** Data segment **
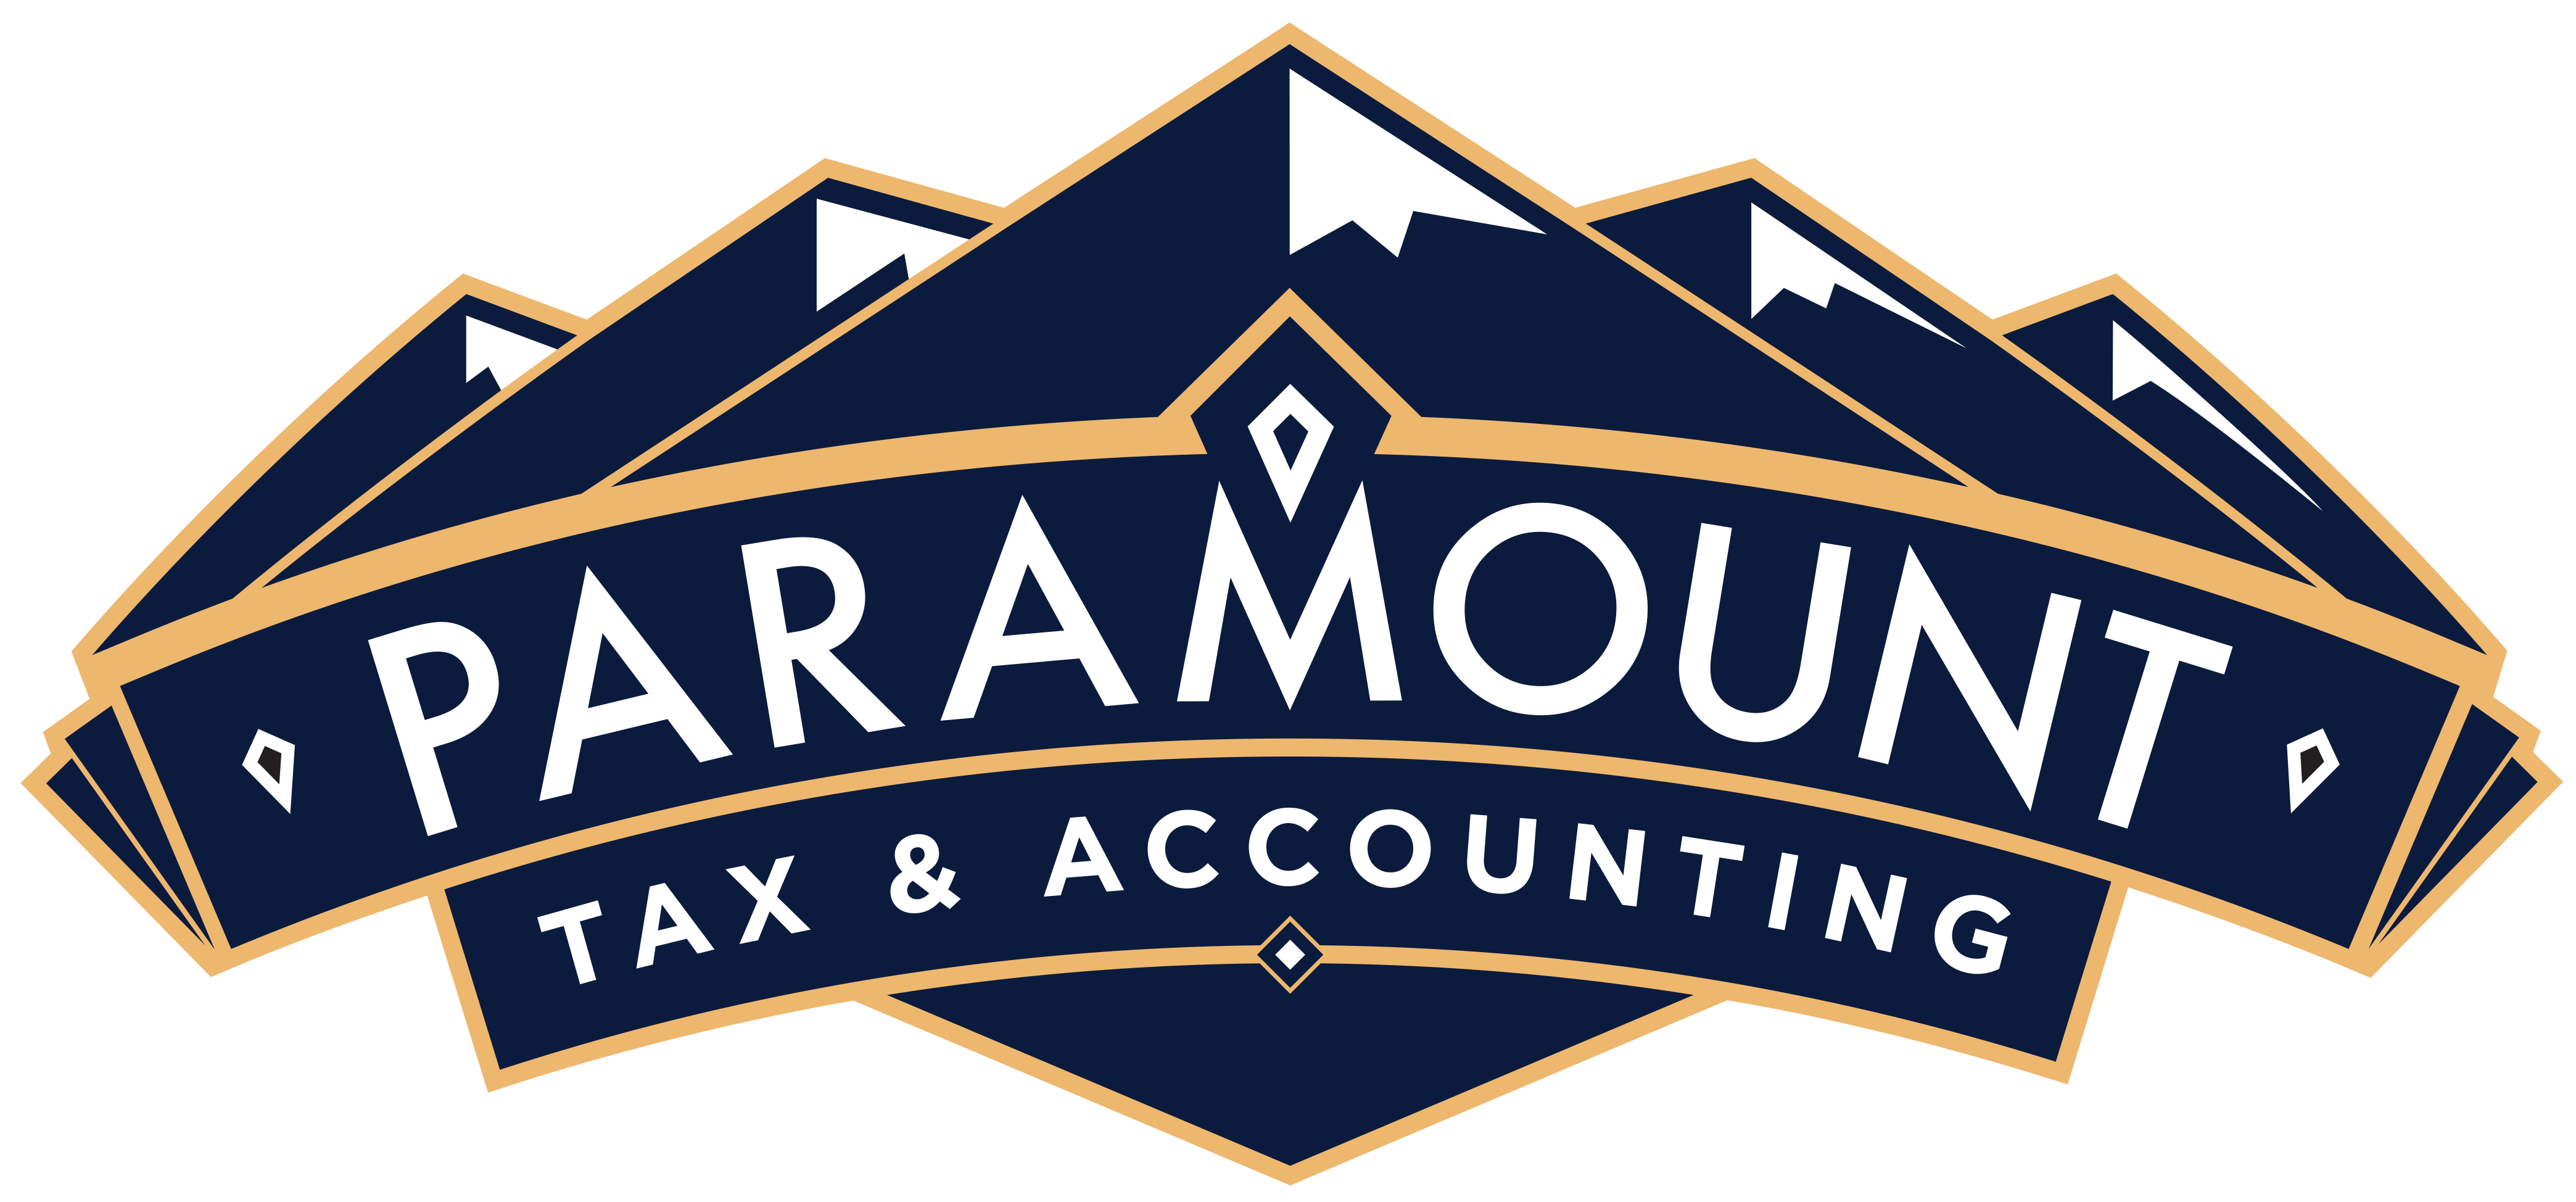 Review Paramount Tax & Accounting Gilbert
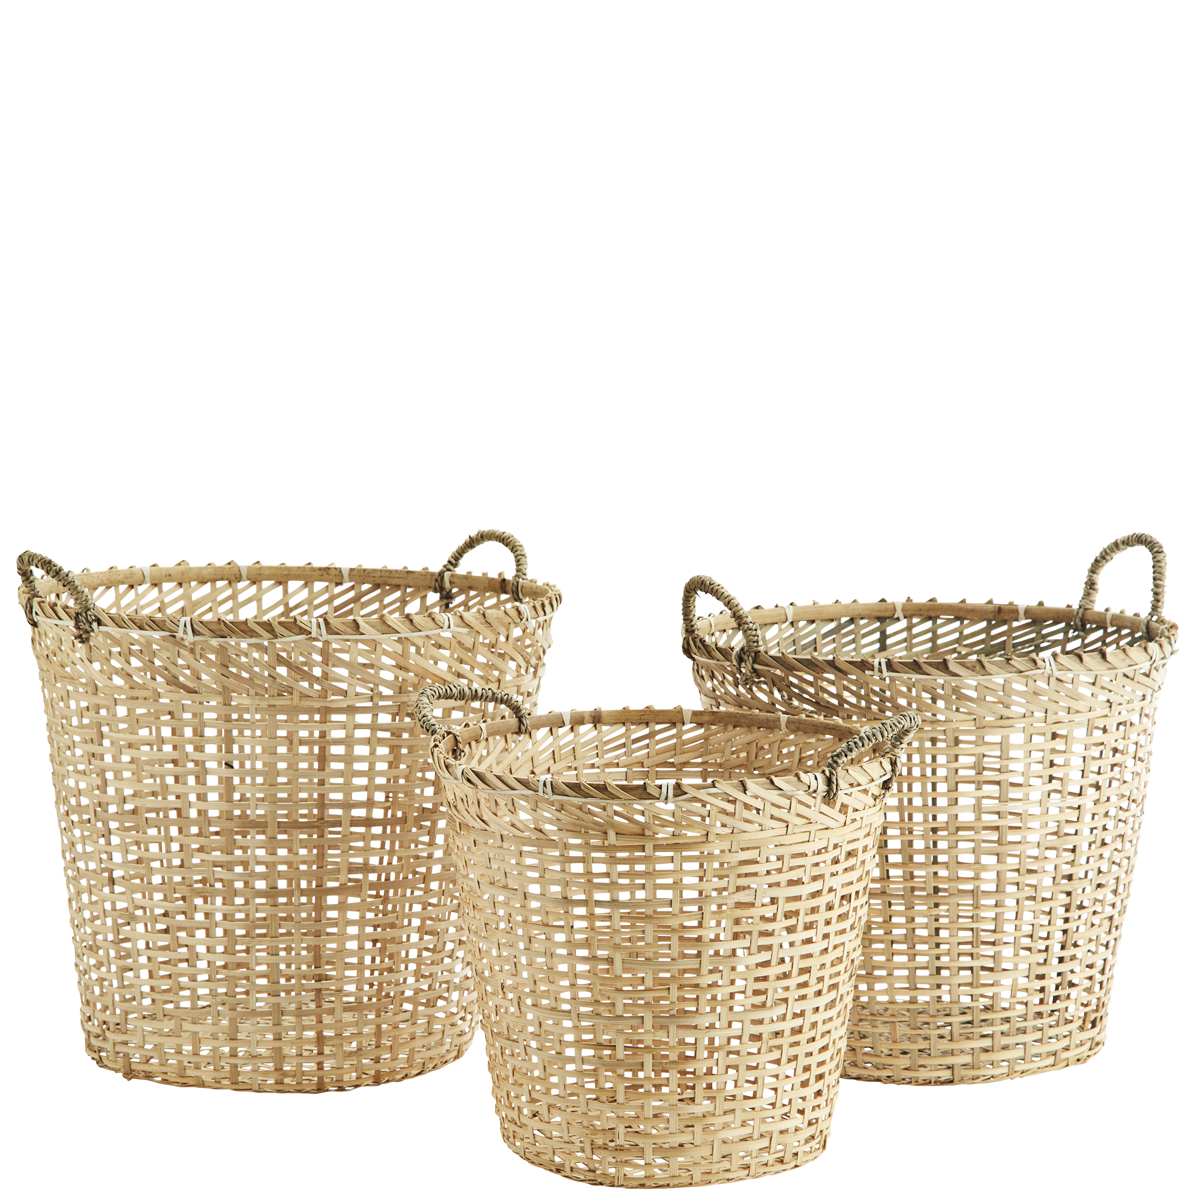 Round bamboo baskets
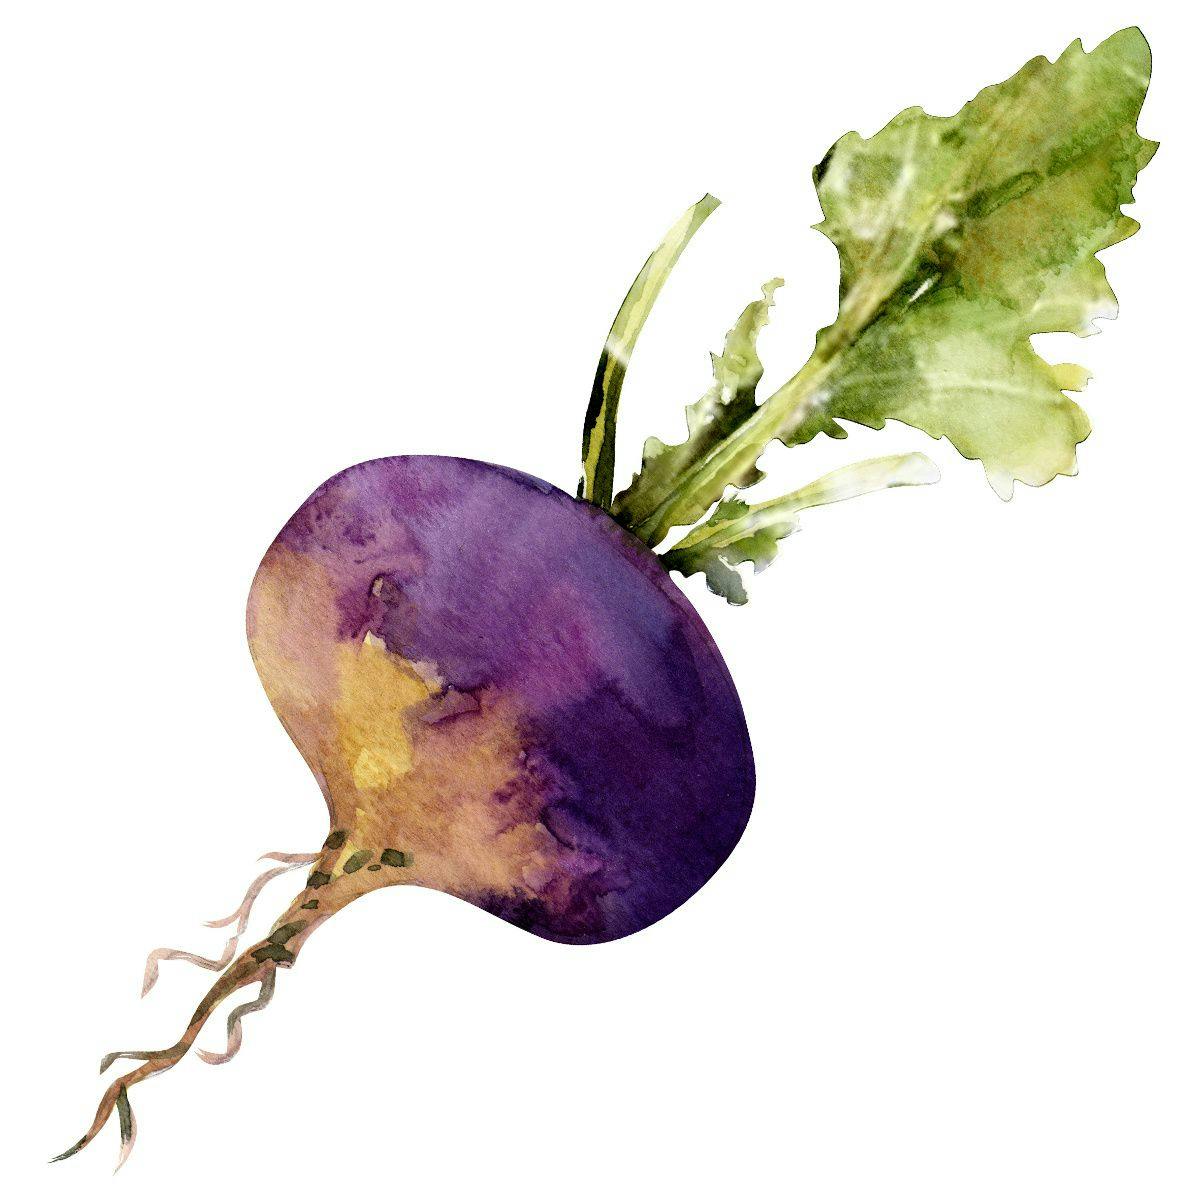 watercolor illustration of turnip
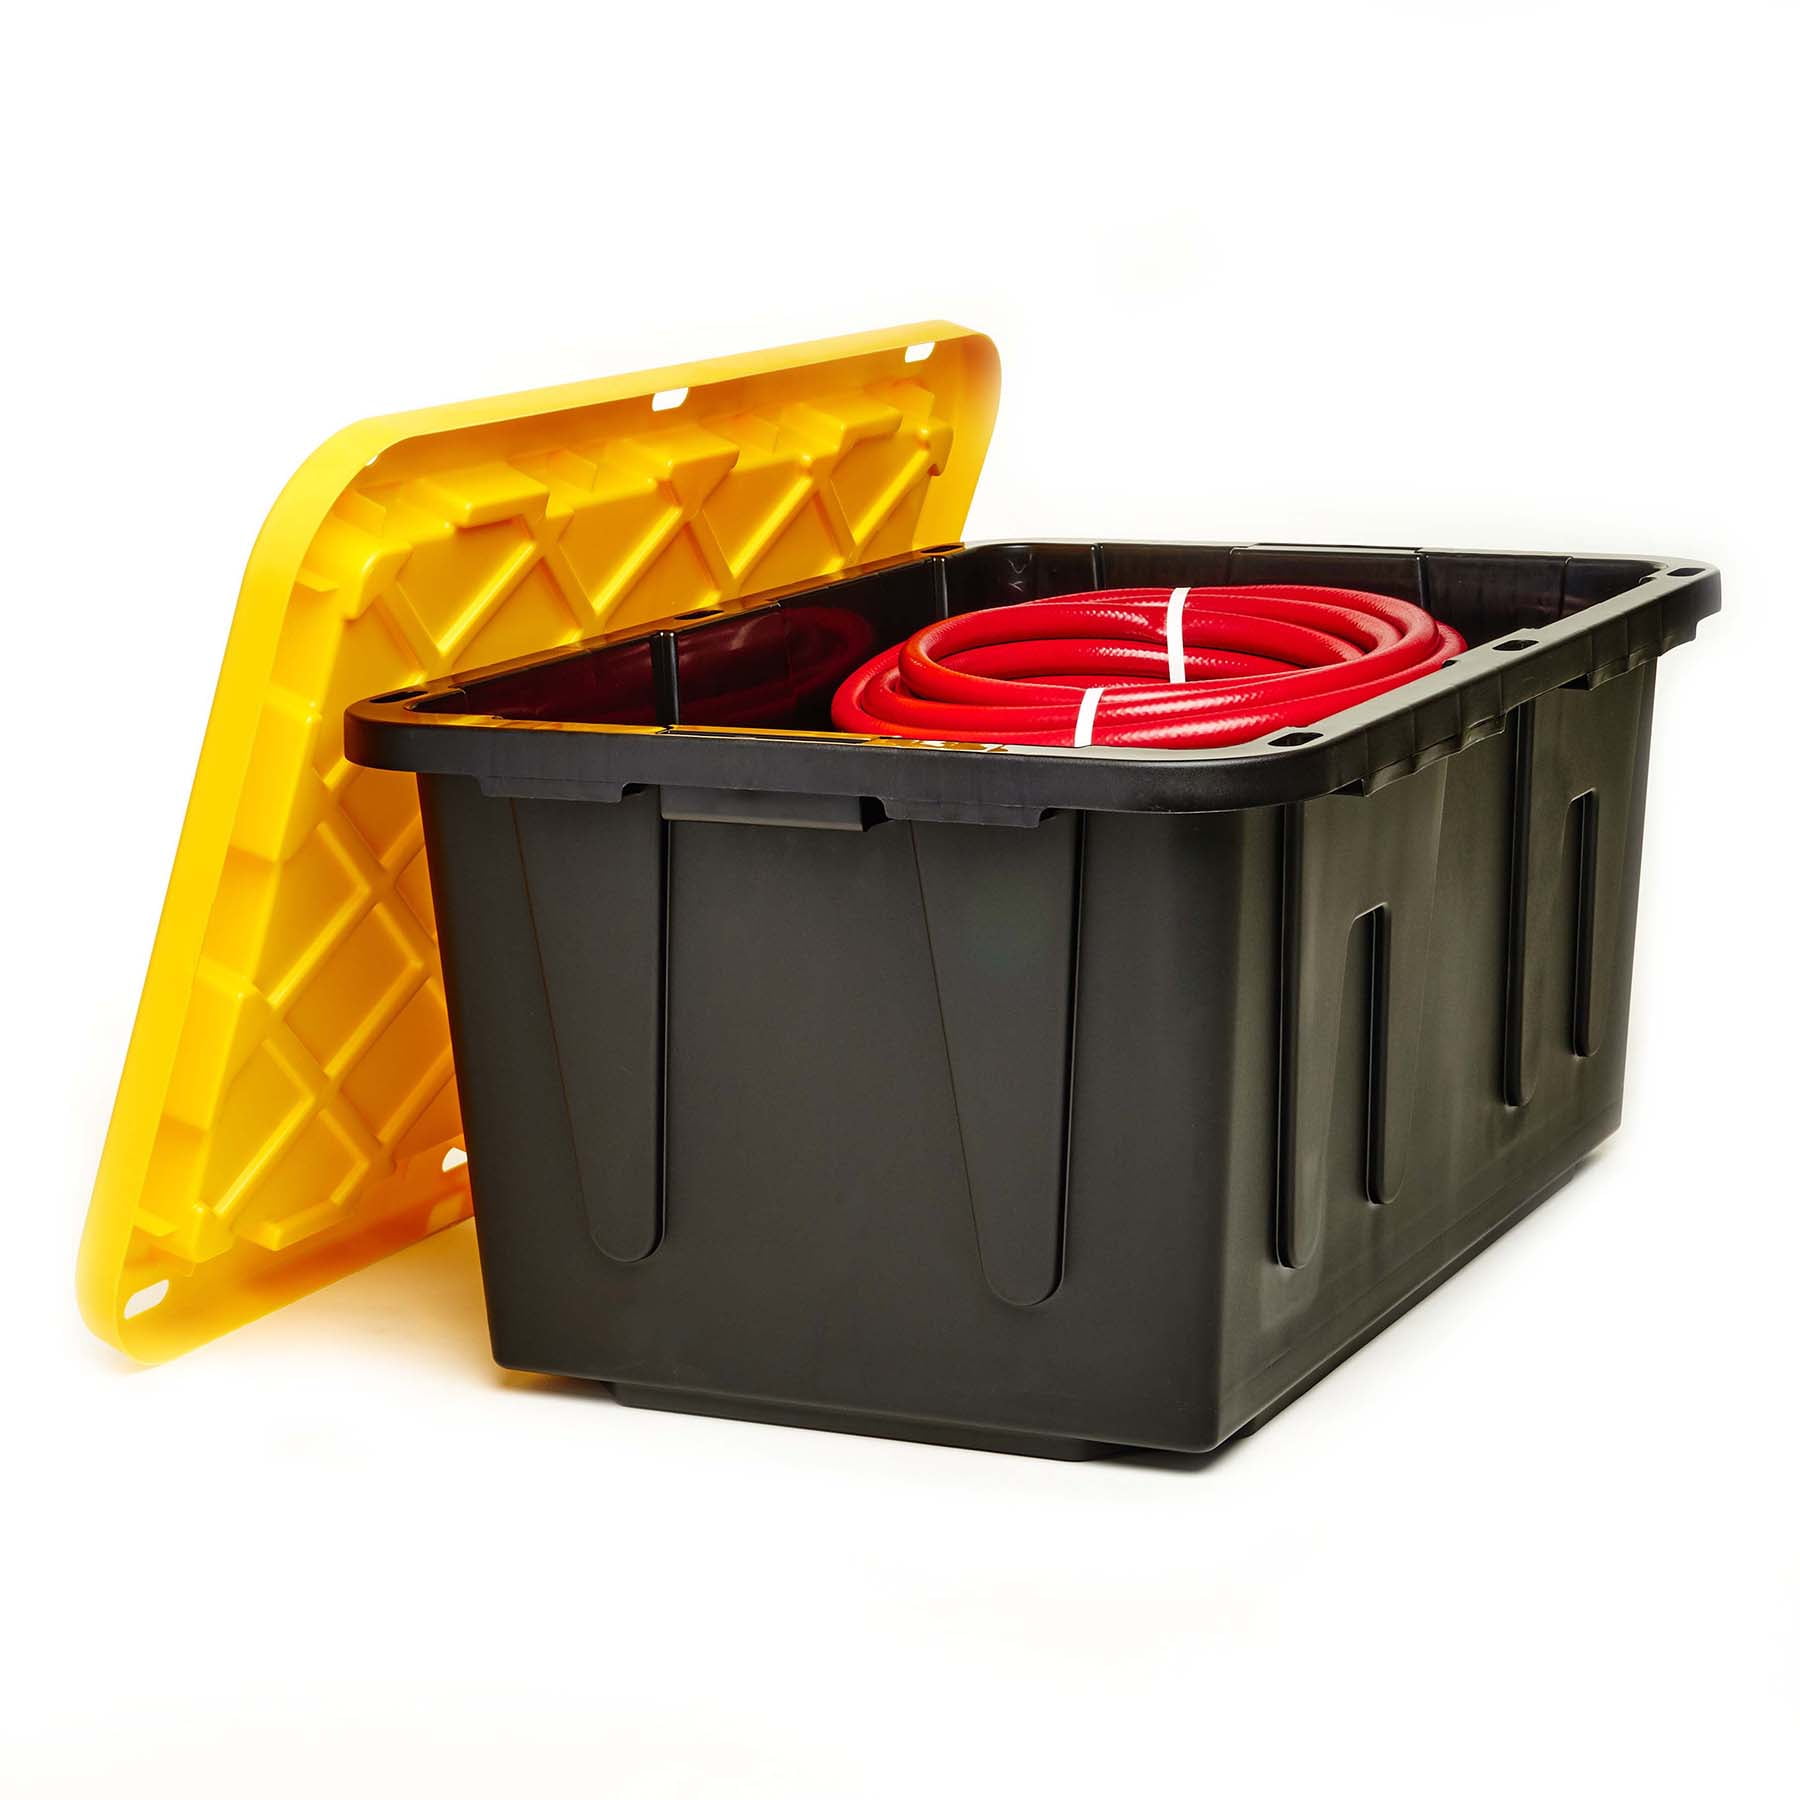 Homz Durabilt 27 Gallon Tough Container, Black and Yellow, Set of 2

** Task directions **
Exclude every picture and restate the listing word for word.

** Exercise solution **
 Review Paramount Tax & Accounting Gilbert
 Round bamboo baskets
 watercolor illustration of turnip
 Homz Durabilt 27 Gallon Tough Container, Black and Yellow, Set of 2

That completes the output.